Below is a Chi example that applies a simple fixed-window rate limit using an in-memory atom. For production, use a shared store such as Redis with an atomic increment-and-expire pattern, but the structure remains similar:

(ns example.api.rate
  (:require [cheshire.core :as json]
            [clj-http.client :as http]
            [com.google.cloud.firestore :as firestore]
            [ring.util.response :as resp]
            [hiccup.core :refer [html]]
            [compojure.core :refer [GET POST]]))
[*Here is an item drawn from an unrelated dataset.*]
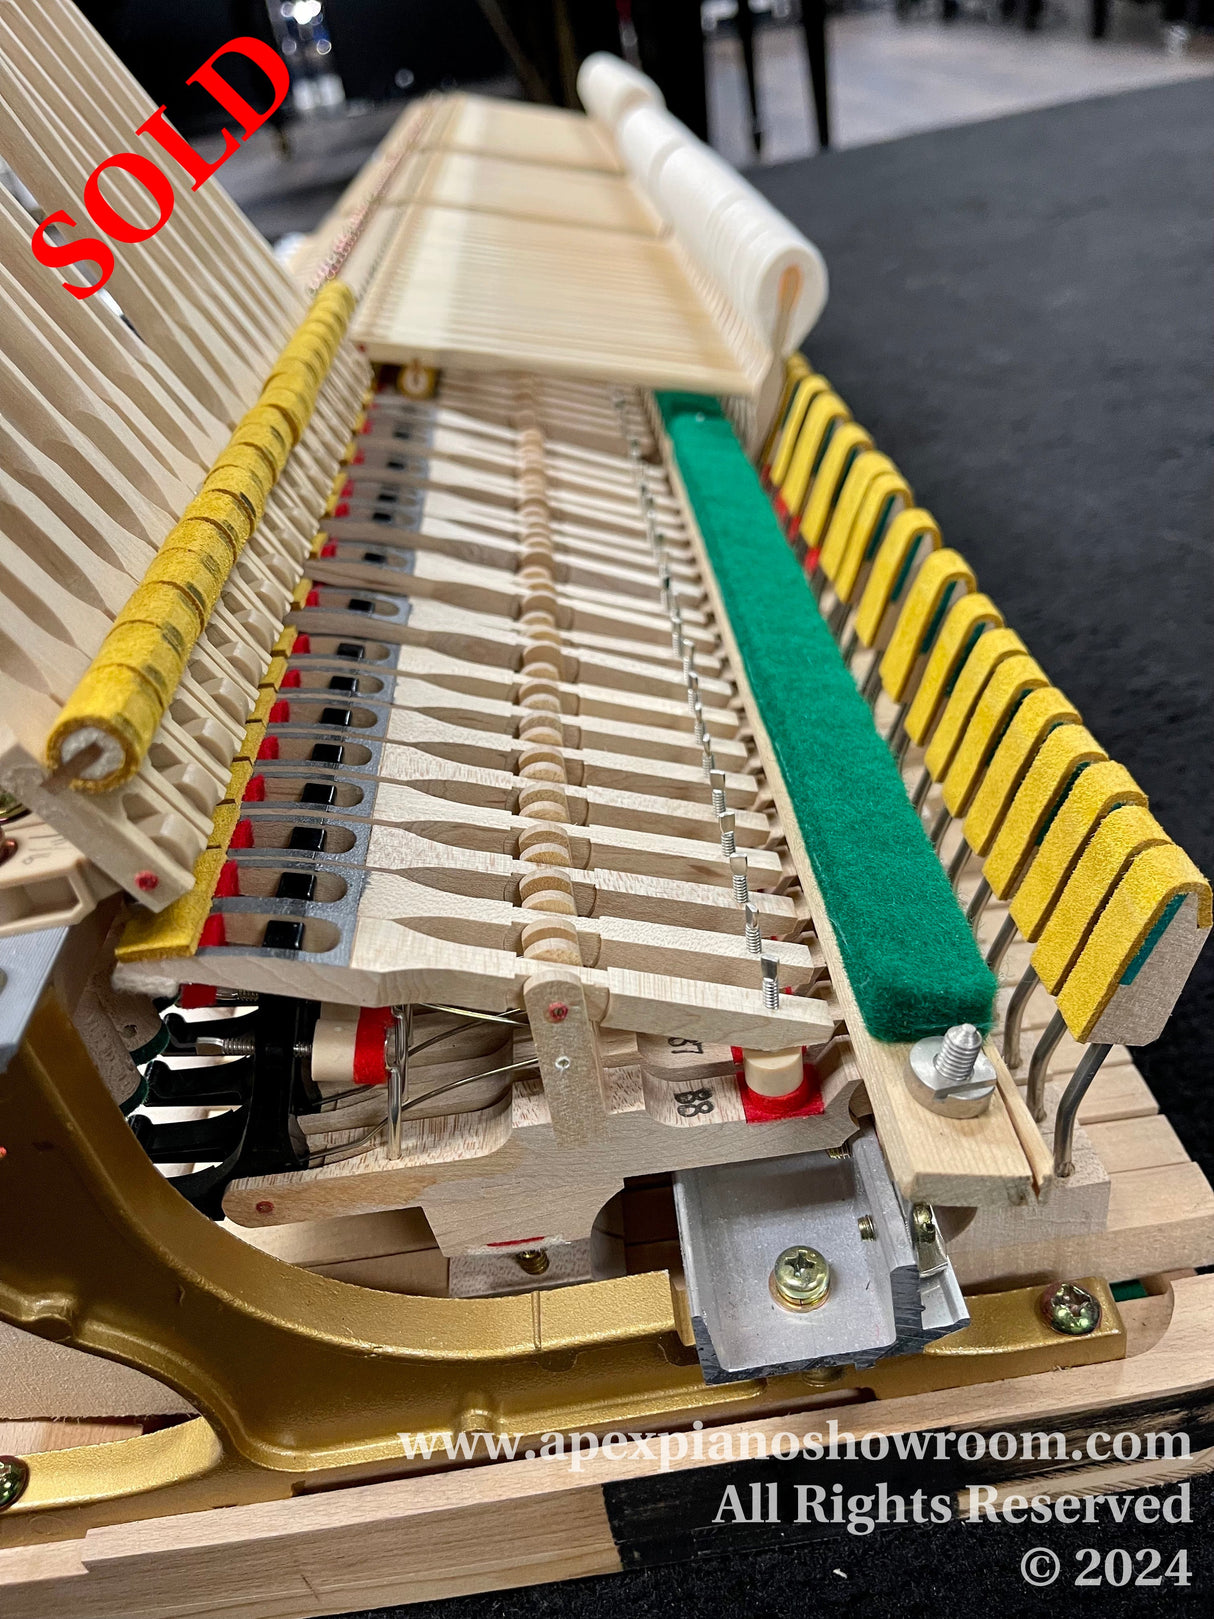 Close-up view of the interior mechanism of a grand piano, showcasing the hammers, dampers, and strings with a clear focus on the intricate craftsmanship and wooden components.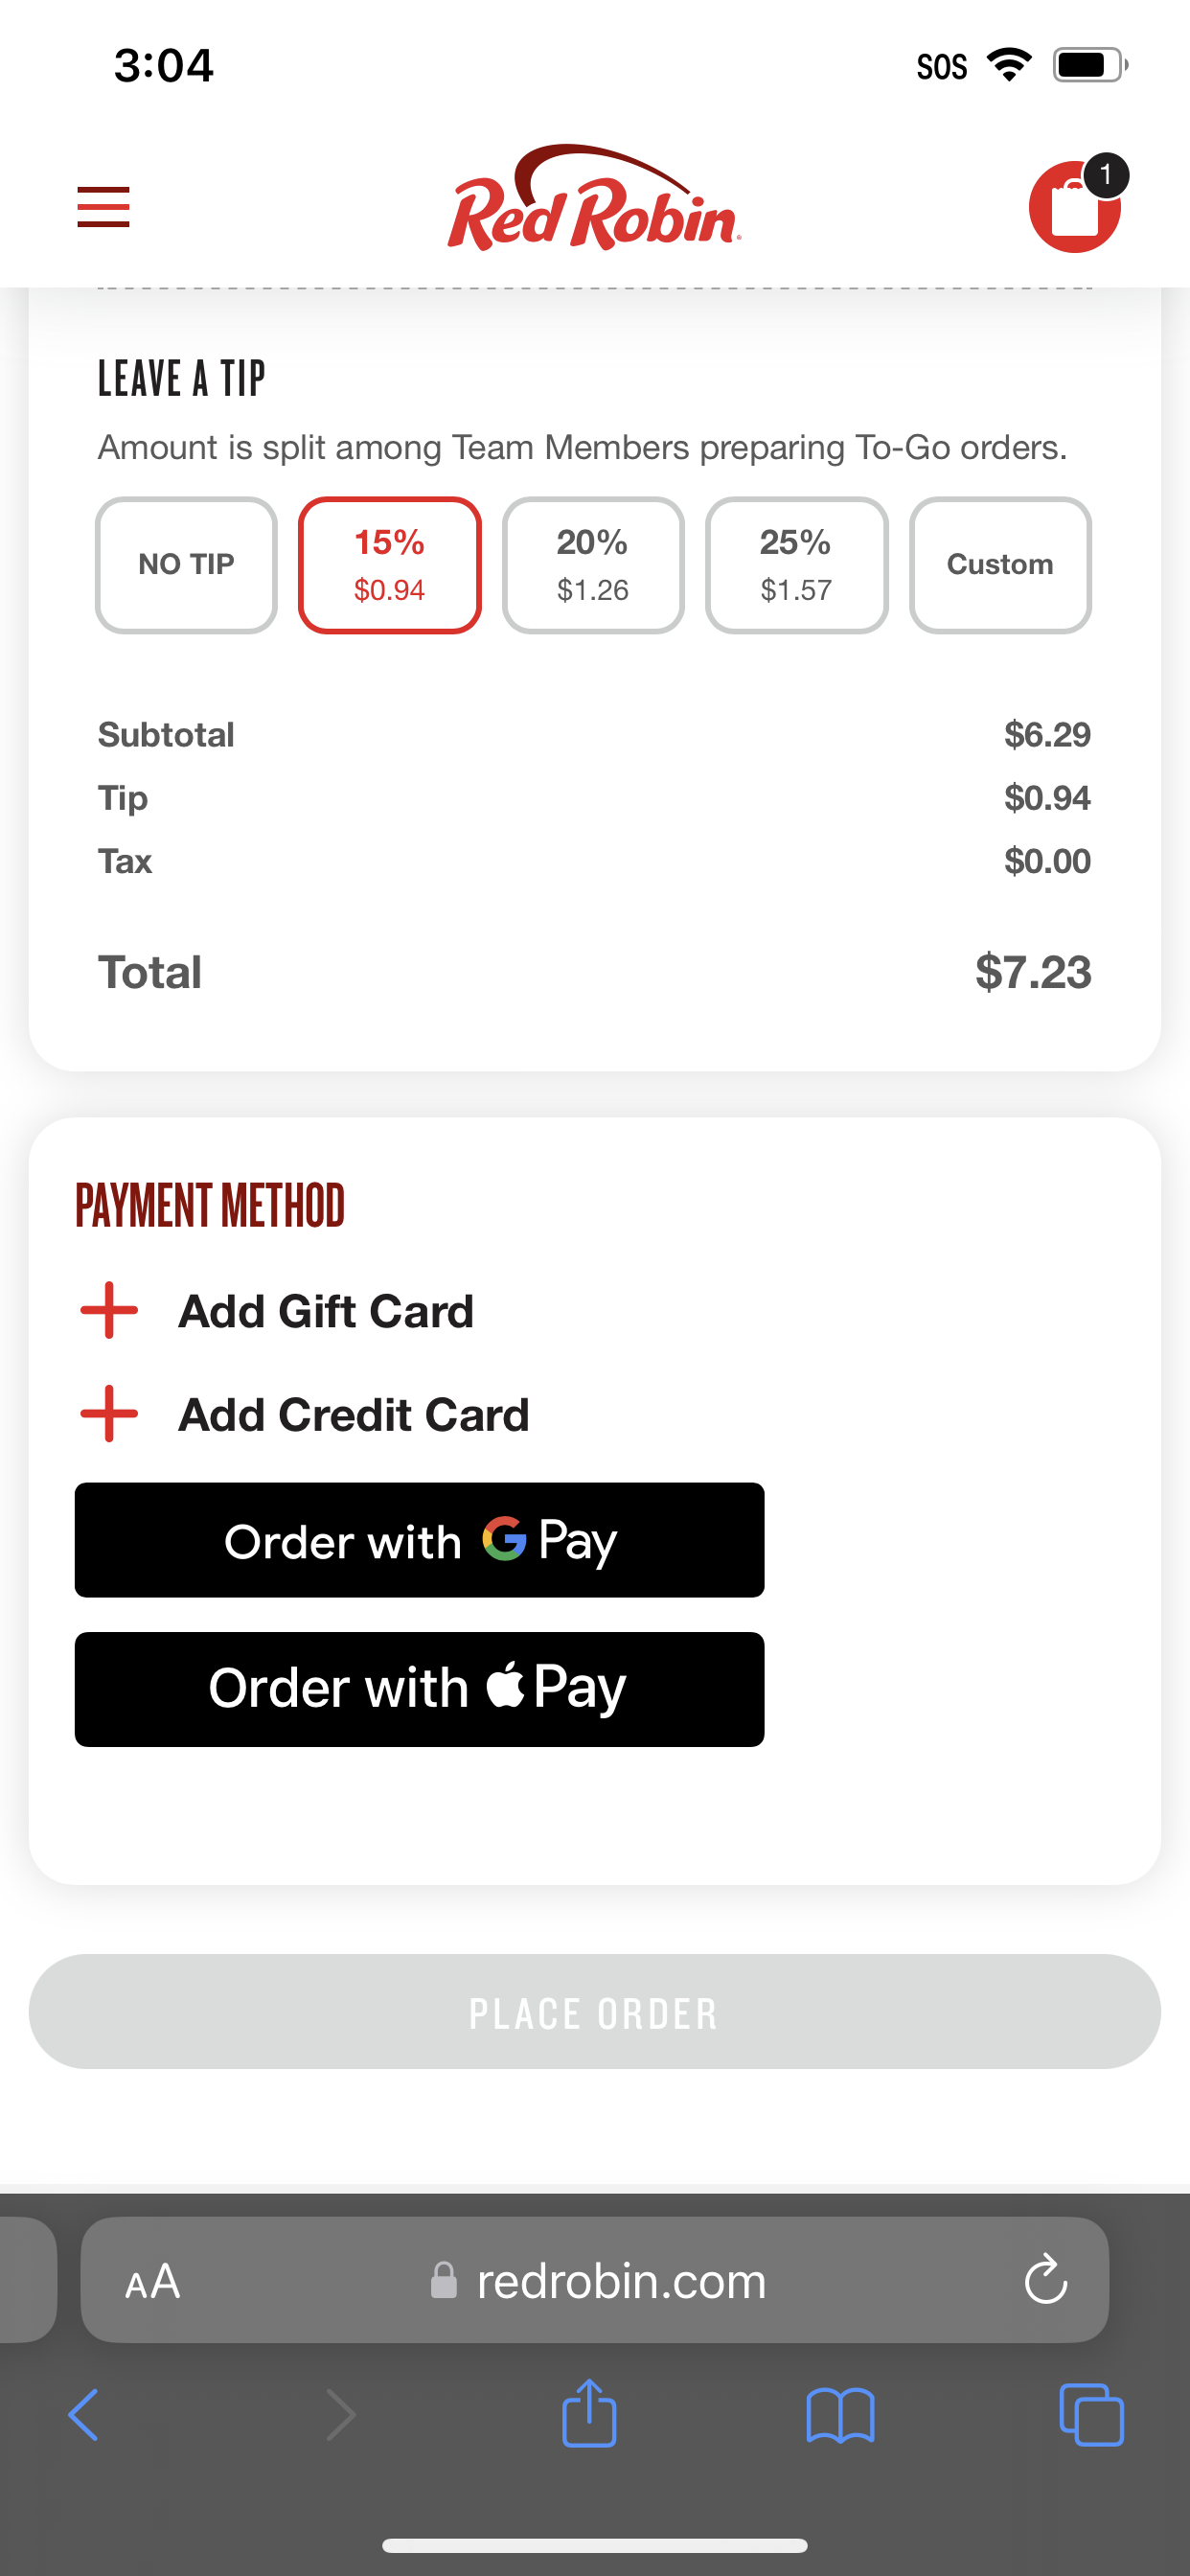 Red Robin accepts Google Pay & Apple Pay on its website.

(def rate-limit 100) ; requests per window
(def window-ms 60000) ; 60 seconds
(def request-count (atom {}))

(defn- allowed? [client-id]
  (let [now (System/currentTimeMillis)
        counts (swap! request-count
                      (fn [m]
                        (let [entry (get m client-id)
                              ts (:timestamp entry 0)]
                          (if (> (- now ts) window-ms)
                            {client-id {:count 1 :timestamp now}}
                            (update m client-id (fnil update-in [:count]) inc)))))
    (<= ((get counts client-id) :count) rate-limit))

(defn get-user [req]
  (let [client-id (or (get-in req [:headers "x-forwarded-for"] "unknown")
                     (str (java.util.UUID/randomUUID)))
        _ (when-not (allowed? client-id)
            (resp/response (str "rate limit exceeded")))
        user-id (get-in req [:params :id])
        doc (try
              (firestore/get-document db (str "users/" user-id))
              (catch Exception _ nil))]
    (if doc
      (resp/response (json/generate-string doc))
      (resp/response (str "not found")))))

Key points in this remediation:

• The limiter uses a client identifier (IP or API key) to scope counts. In production, replace the in-memory atom with a distributed store to avoid bypass via multiple instances.
• Responses for rate-limited requests are generic and do not disclose whether the user ID exists, reducing information leakage.
• The Firestore call is wrapped in a try-catch to avoid exposing stack traces or internal errors; always return uniform error messages and status codes.

For Firestore-specific hardening, avoid returning different HTTP status codes based on document existence. Instead, return a consistent 200 with a body that indicates absence when appropriate, and ensure indexes and queries are designed to prevent enumeration via predictable IDs. If authentication is required, enforce it before the rate limiter so that limits apply per authenticated identity rather than per IP, reducing shared-account abuse.

middleBrick’s scans validate that these controls are observable in runtime behavior. Its findings include actionable remediation guidance, such as introducing per-endpoint throttling, standardizing responses, and aligning with frameworks like OWASP API Top 10 to reduce risk.